How Does Next-Generation Sequencing (NGS) Work?

Next-Generation Sequencing (NGS) determines the precise order of nucleotides within DNA or RNA molecules on an unprecedented scale. Often called massively parallel sequencing, this technology reads millions of DNA fragments simultaneously, revolutionizing the field of genomics. NGS succeeded traditional Sanger sequencing, which was slow and labor-intensive, only able to sequence one fragment at a time. The parallel nature of NGS drastically increased throughput, making large-scale projects like whole-genome sequencing feasible and routine. The entire process involves converting genetic material into a specialized library, amplifying fragments into detectable clusters, chemically reading the sequence, and processing the resulting data.

Preparing the Genetic Material

The initial phase of NGS involves converting the raw biological sample into a standardized sequencing library. This preparation ensures the genetic material is compatible with the sequencing instrument. The starting material, which can be DNA or cDNA converted from RNA, is first broken down into smaller pieces, typically 200 to 600 base pairs long. Fragmentation is achieved through physical methods, such as sonication, or enzymatic methods.

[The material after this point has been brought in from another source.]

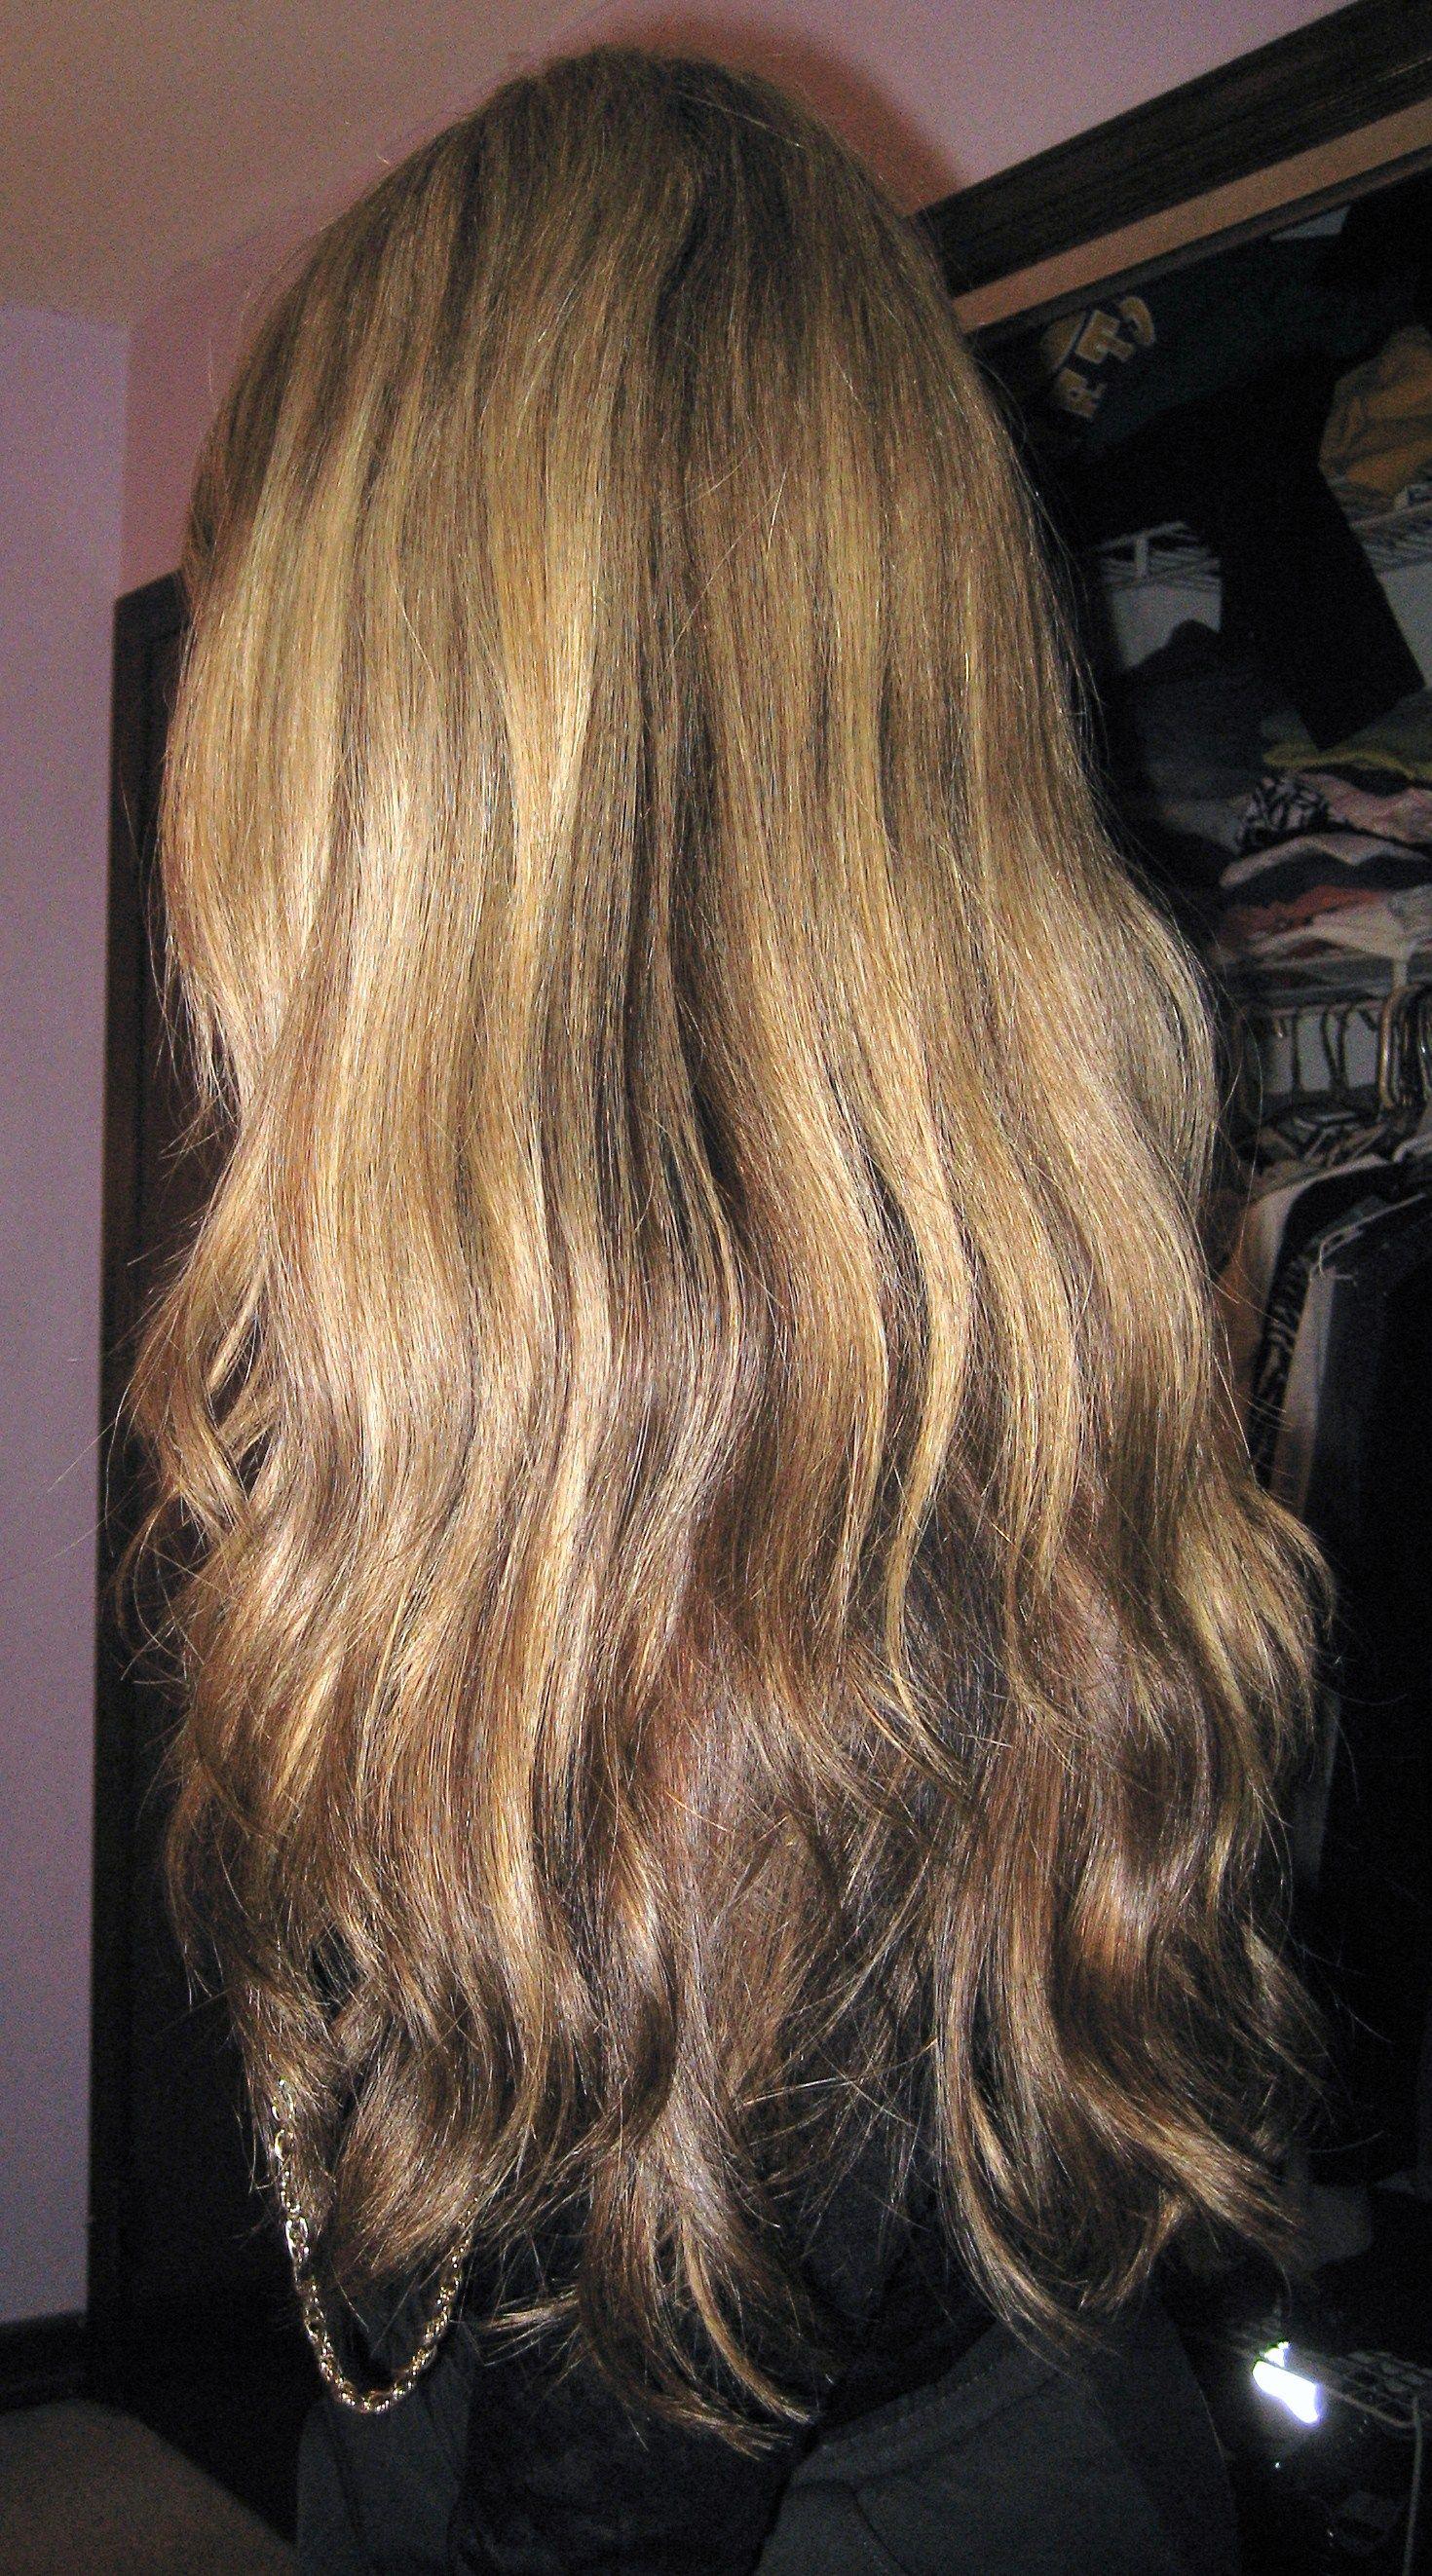 Long caramel hair
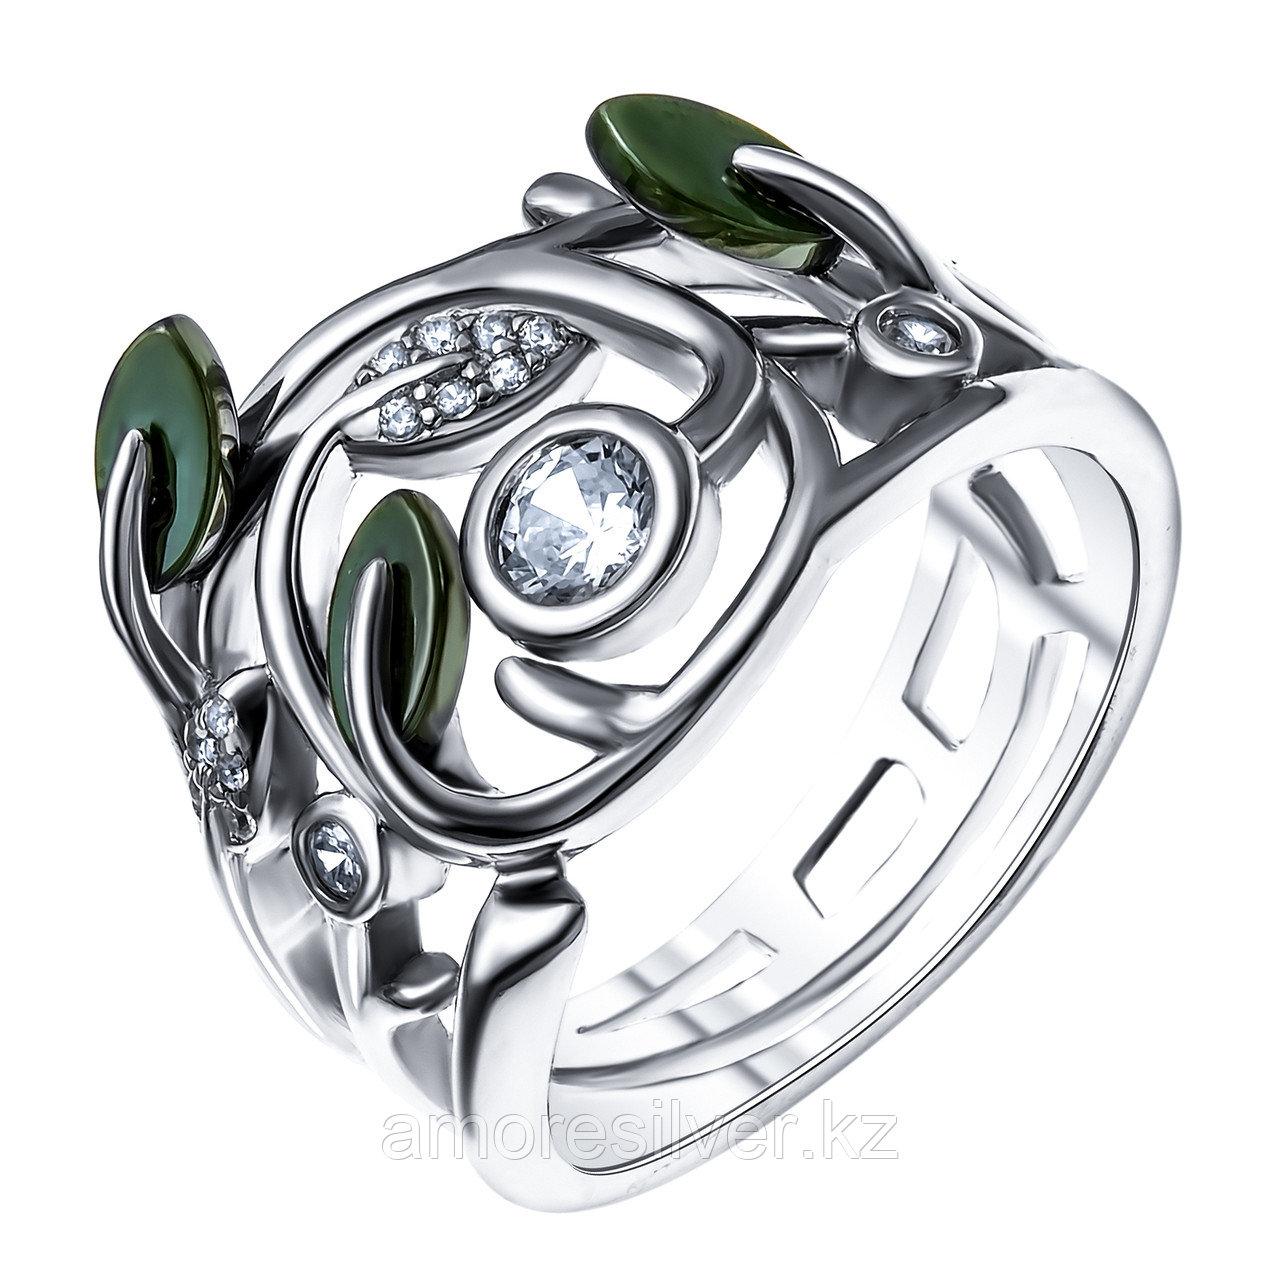 Кольцо Teosa серебро с родием, керамика фианит, флора ZCR-2255-O

After fragmentation, the ends of these short pieces are enzymatically repaired to create blunt ends. A single adenine base is often added to the 3’ end of each fragment, known as A-tailing. This modification prepares the fragments for the attachment of synthetic DNA sequences called adapters.

Adapters are short, customized oligonucleotides ligated to both ends of every fragmented piece. These specialized sequences serve several functions:

  • Providing binding sites for primers used during amplification and sequencing.
  • Containing sequences complementary to oligonucleotides fixed to the flow cell surface, allowing physical attachment.
  • Incorporating molecular barcodes, or indexes, which allow multiple distinct samples to be sequenced simultaneously.

Massively Parallel Amplification

After library preparation, the fragments must be amplified to generate a strong signal for the sequencer’s detection system. Since NGS platforms cannot detect a single molecule, millions of copies of each unique fragment must be created. This amplification is performed in situ, occurring directly on the flow cell surface, a glass slide containing millions of fixed primers.

The most common technique for this clonal amplification is bridge amplification. Here, the fragmented DNA “bridges” between two different types of fixed primers on the flow cell surface. A DNA polymerase extends the strand, creating a double-stranded bridge. Denaturation separates the two strands, and each single strand folds over to anneal to a nearby complementary primer, forming a new bridge.

Repeated cycles of denaturation and extension result in the formation of dense, localized clusters of identical DNA molecules. Each cluster originates from a single initial library fragment and acts as a distinct sequencing reaction. A single flow cell can support hundreds of millions of these clusters, generating the massively parallel array of templates needed for detection.

The Core Sequencing Reaction

With the clonal clusters established, the instrument begins determining the sequence using Sequencing by Synthesis (SBS). SBS is a cyclical process where a single base is identified at a time for every cluster across the flow cell. The reaction relies on the controlled incorporation of special fluorescently labeled nucleotides, which also function as reversible terminators.

In each cycle, all four nucleotide bases (A, C, G, and T) are simultaneously introduced to the flow cell, each tagged with a distinct fluorescent dye. The terminator component ensures that only a single complementary base is added to the growing DNA strand by the polymerase.

After incorporation, the flow cell is washed to remove unincorporated bases. A high-resolution camera then captures the fluorescent signal emitted by the newly added base in every cluster. The specific color recorded at each location indicates the identity of the incorporated base.

Following imaging, a chemical cleavage step removes both the fluorescent dye and the terminating component from the nucleotide. This deblocking action prepares the 3’ end of the strand to accept the next incoming nucleotide. The entire cycle of adding bases, imaging, and cleaving is repeated hundreds of times. This sequential readout generates a short sequence of data, known as a “read,” for every cluster on the flow cell.

Data Processing and Interpretation

The output from the sequencing instrument is a massive collection of raw images and fluorescent intensity measurements, not a linear genetic sequence. The first computational step is base calling, where raw light signals are digitally converted into nucleotide bases (A, T, C, or G). Each base call is assigned a quality score (Phred or Q-score), which represents the probability that the base was incorrectly identified.

These digital sequences, or reads, are then subjected to quality filtering. This process removes reads that are too short or have unacceptably low quality scores, as these introduce errors that compromise accuracy. Adapter sequences still attached to the ends of the fragments are also computationally trimmed to ensure accurate downstream analysis.

The cleaned, high-quality reads are now ready for alignment or assembly. Alignment involves computationally mapping the short reads back to a known reference genome, such as the human genome. Algorithms determine the most probable location where each read originated. For samples without a known reference, de novo assembly pieces the short reads together based on overlapping sequences to construct a new genome. Biologists use the final aligned data set to identify genetic variants, drawing conclusions about the sequenced sample.